Hemolize Escherichia coli Normalde - yok. Zayıflamış çocuklarda alerjik ve bağırsak sorunlarına neden olabilir.

Klebsiella, Protea Sayıları 103-105'i geçmemelidir. Gösterge 106'nın üzerindeyse Staphylococcus aureus'a benzer sorunlar ortaya çıkar. Kabızlık çoğunlukla Proteus'un varlığıyla ilişkilidir ve Klebsiella'nın varlığı alerjilerin ve laktaz eksikliğinin gelişmesine yol açar.

Hafnia, Serration, Enterobacter, Citrobacter Genellikle 103-106 miktarlarında sorun yaratmazlar.

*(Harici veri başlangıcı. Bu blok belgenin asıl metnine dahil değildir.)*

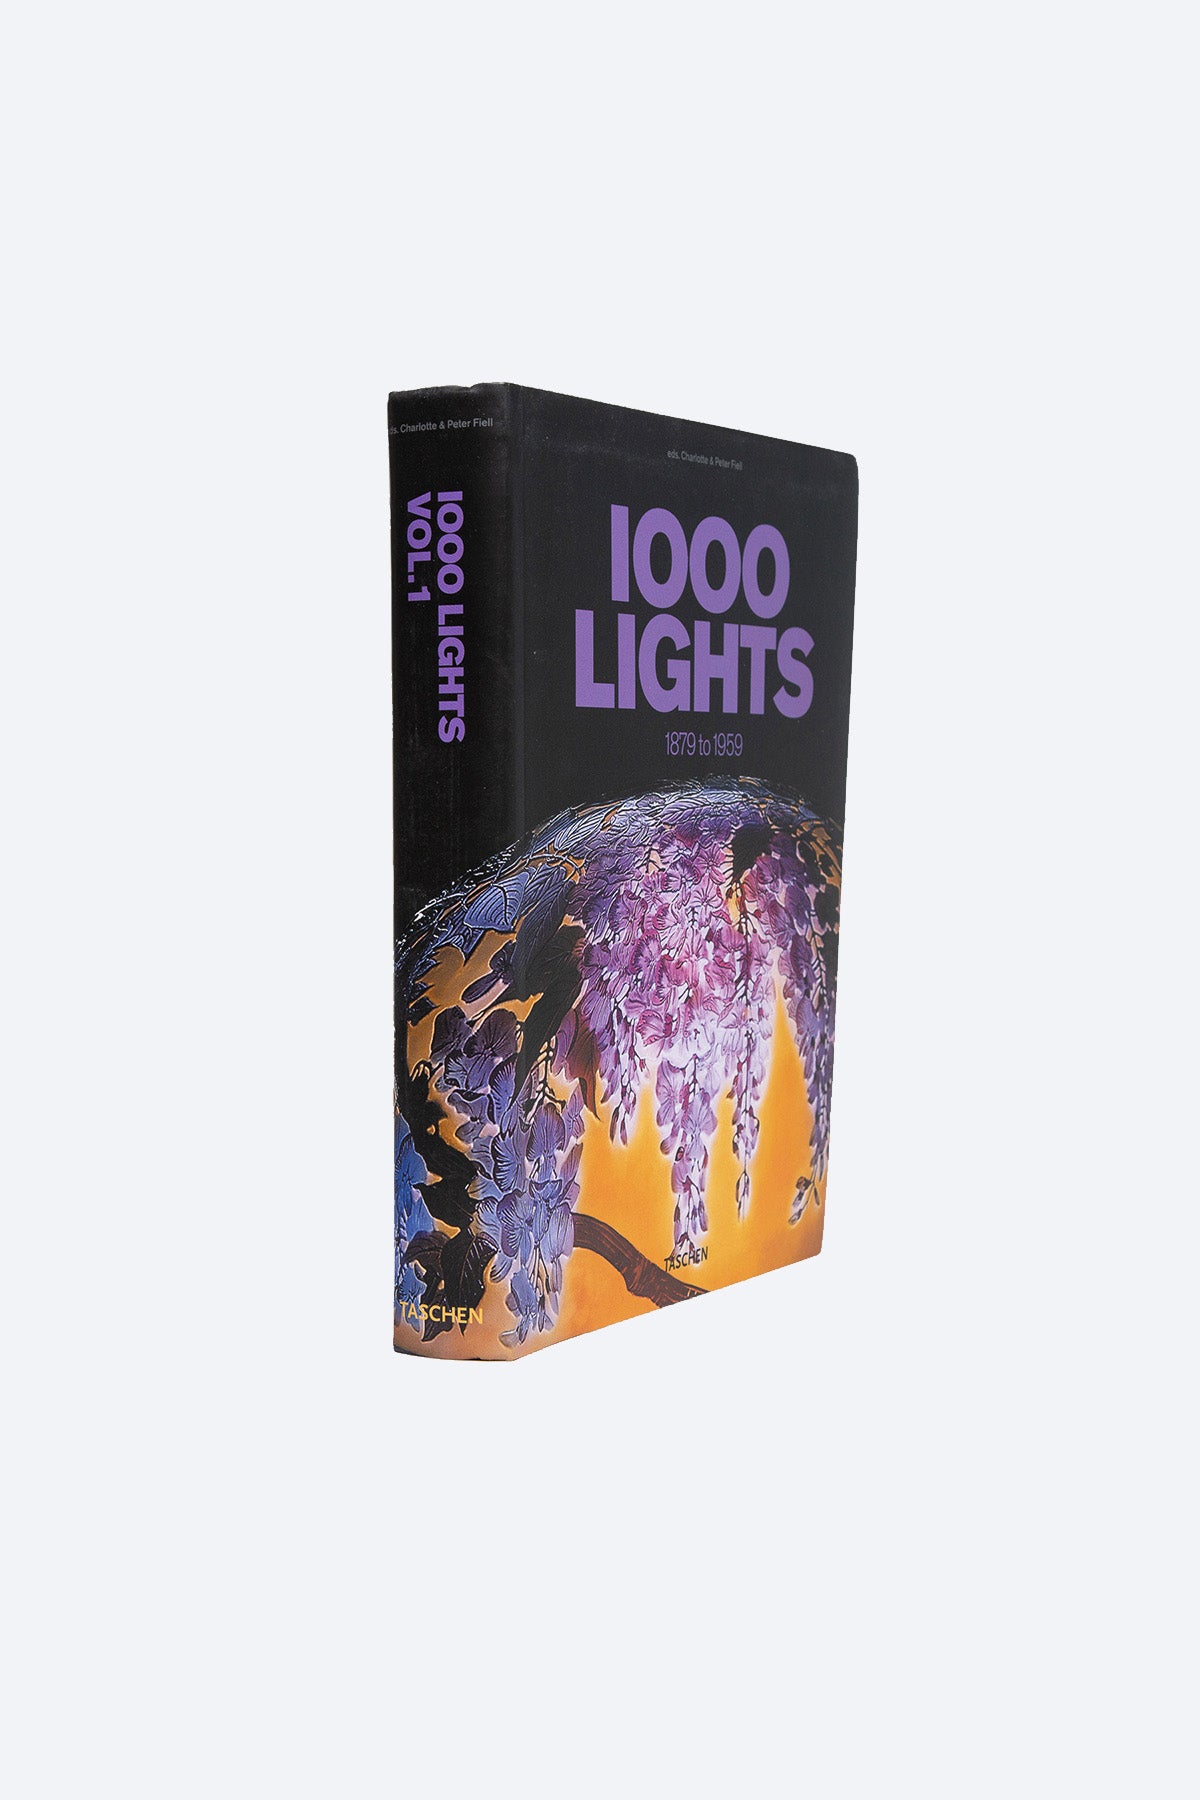 TASCHEN | 1000 LIGHTS 1879-1959

Candida cinsinin mantarları 104'e kadar varlığı kabul edilebilir, antibiyotik kullanımından sonra artış meydana gelebilir.

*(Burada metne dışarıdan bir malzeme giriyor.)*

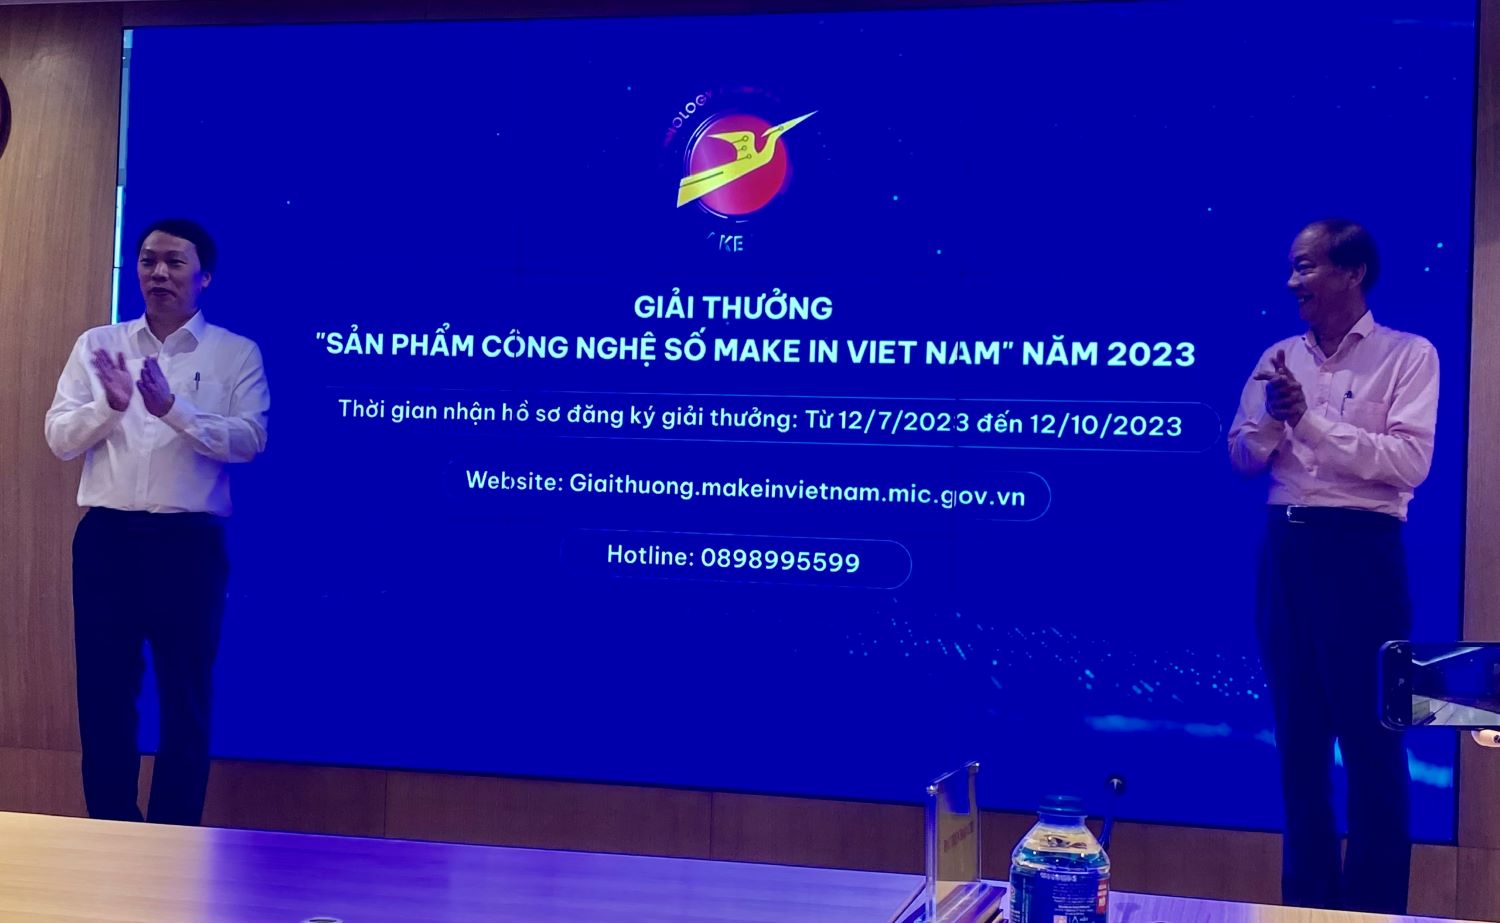 Thúc đẩy sản phẩm công nghệ số Make in Viet Nam trên trường quốc tế

Clostridiaİzin verilen miktar 107'ye kadardır. Dışkı sıvılaşması ve ishal nadiren soruna neden olur. Sayıları yerel bağırsak bağışıklığının işlevine bağlıdır.

26.02.2018

Bu, bebeklerden yetişkinlere kadar herkesin en az bir kez yaşadığı bir patolojidir. Bağırsak patolojisini tanımlamak için doktorlar disbakteriyoz için dışkı testi yaptırmanızı tavsiye eder, size bunu nasıl doğru yapacağınızı ve hangi testleri yapmanız gerektiğini söyleyeceklerdir.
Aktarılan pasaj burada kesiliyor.